Re: debian with raid1+cryptsetup+lvm on notebook?
Douglas A. Tutty, Tue Apr 21 2009 16:06:03 GMT+0200 (CEST):
On Tue, Apr 21, 2009 at 12:39:38PM +0200, Peter Jordan wrote:
since my ThinkPad T400 has two 250GB HD, i considered to install debian
testing with raid1+cryptsetup+lvm on it.
Has anyone experience with that kind of setup?
Any significant reasons against my plan?
Sounds like a good idea. I think that the installer has that
out-of-the-box as one of the guided-partitioning options. If not, you
can certainly do it manually.
This came up not that long ago. It was suggested that having /
encrypted can prevent someone trojaning executables on / (e.g. /bin/ls).
However, since you need an unencrypted /boot, then someone could trojan
the kernel or the initrd itself (perhaps to email the attacker the
password you enter to decrypt the filesystem), who knows?
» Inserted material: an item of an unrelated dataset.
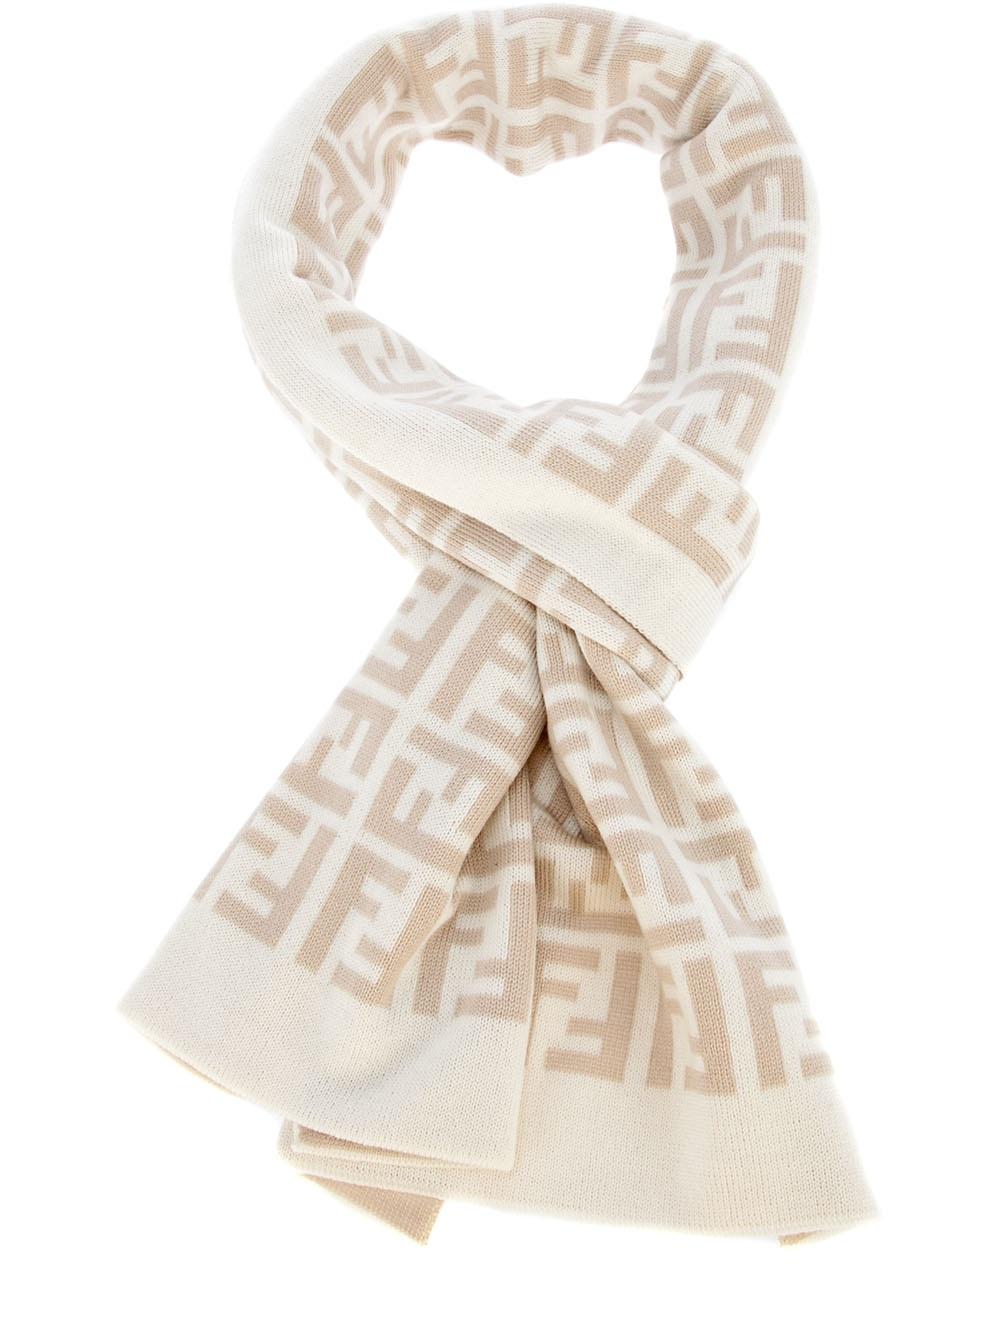 c4d0572847b ... czech fendi monogram scarf in natural for men lyst 58432 dfe50 reduced  fendi 15480 stripes scarf ff zucca logo ...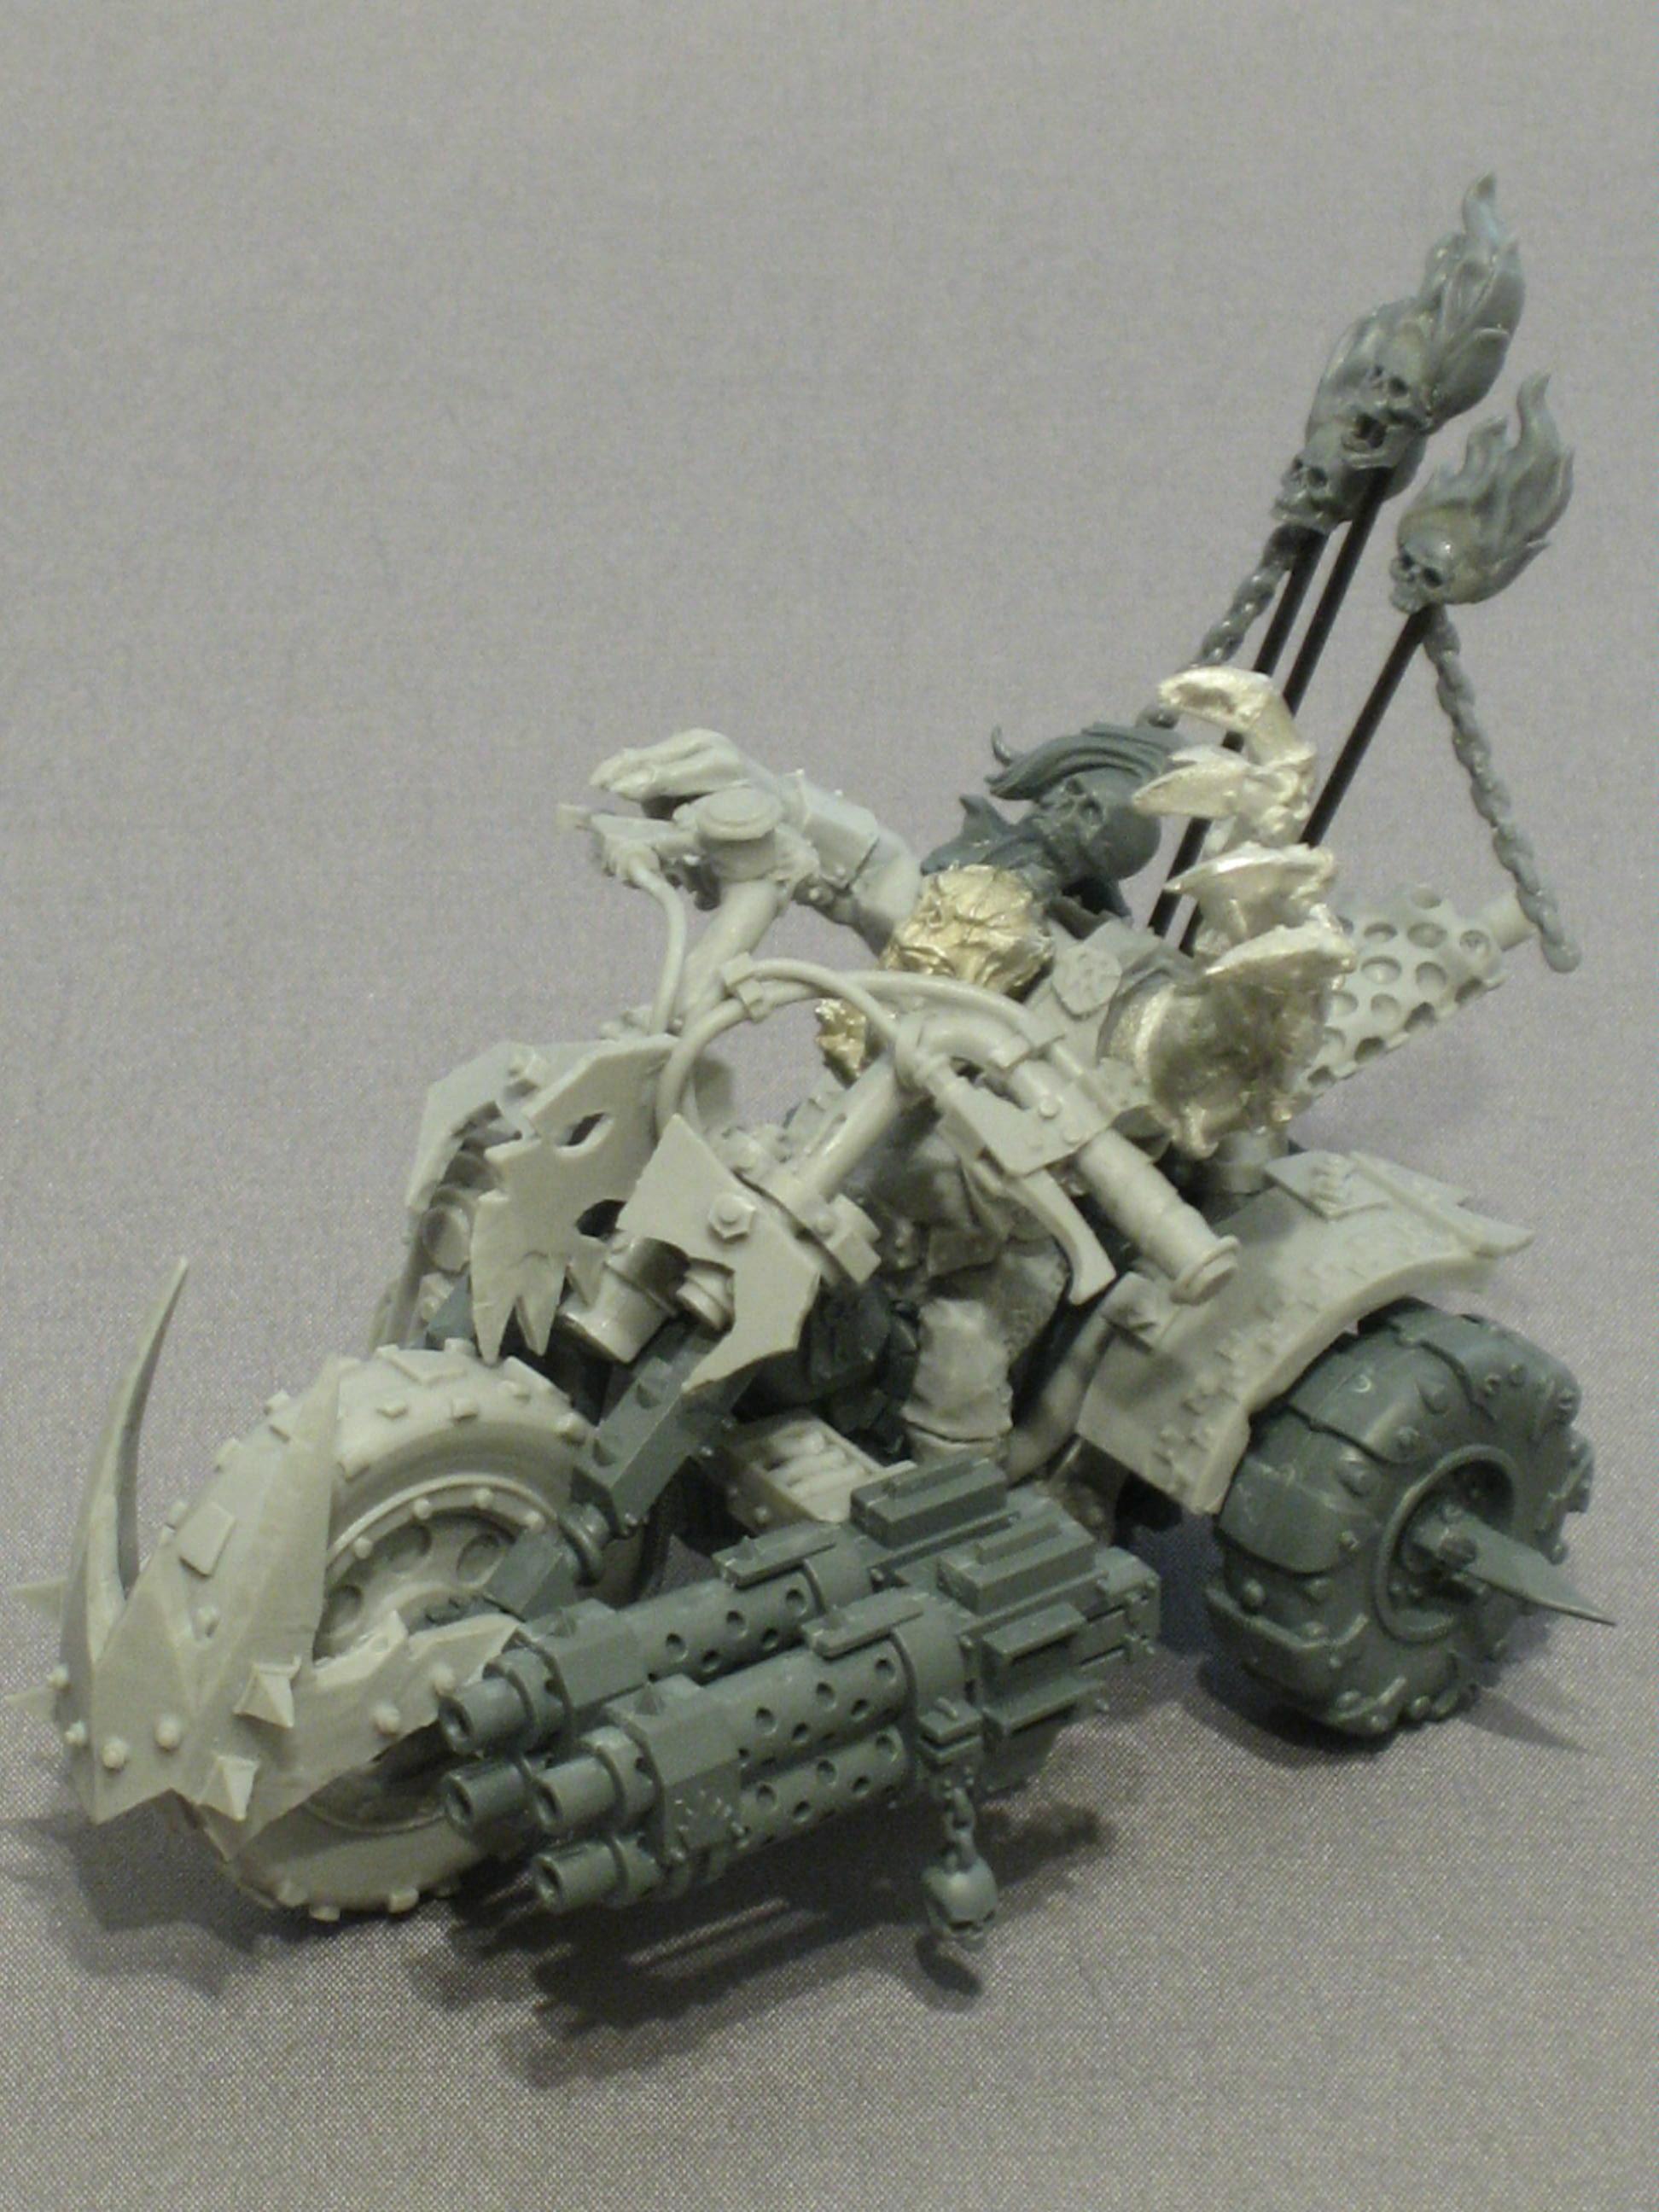 Bike, Orks, Warbike, Wazdakka Gutsmek

I suppose that you could have /boot on a USB stick so that without the
stick, the laptop won't boot and there won't be any unencrypted data on
the laptop. There's good LUKS documentation: read it.
I'm sure that this has been (and is being) looked at by people with a
particular interest in laptop security. Just don't assume that
raid1+crypsetup+lvm will make your laptop absoulutly secure.
job is done,
Everything works fine. No problems during live migration.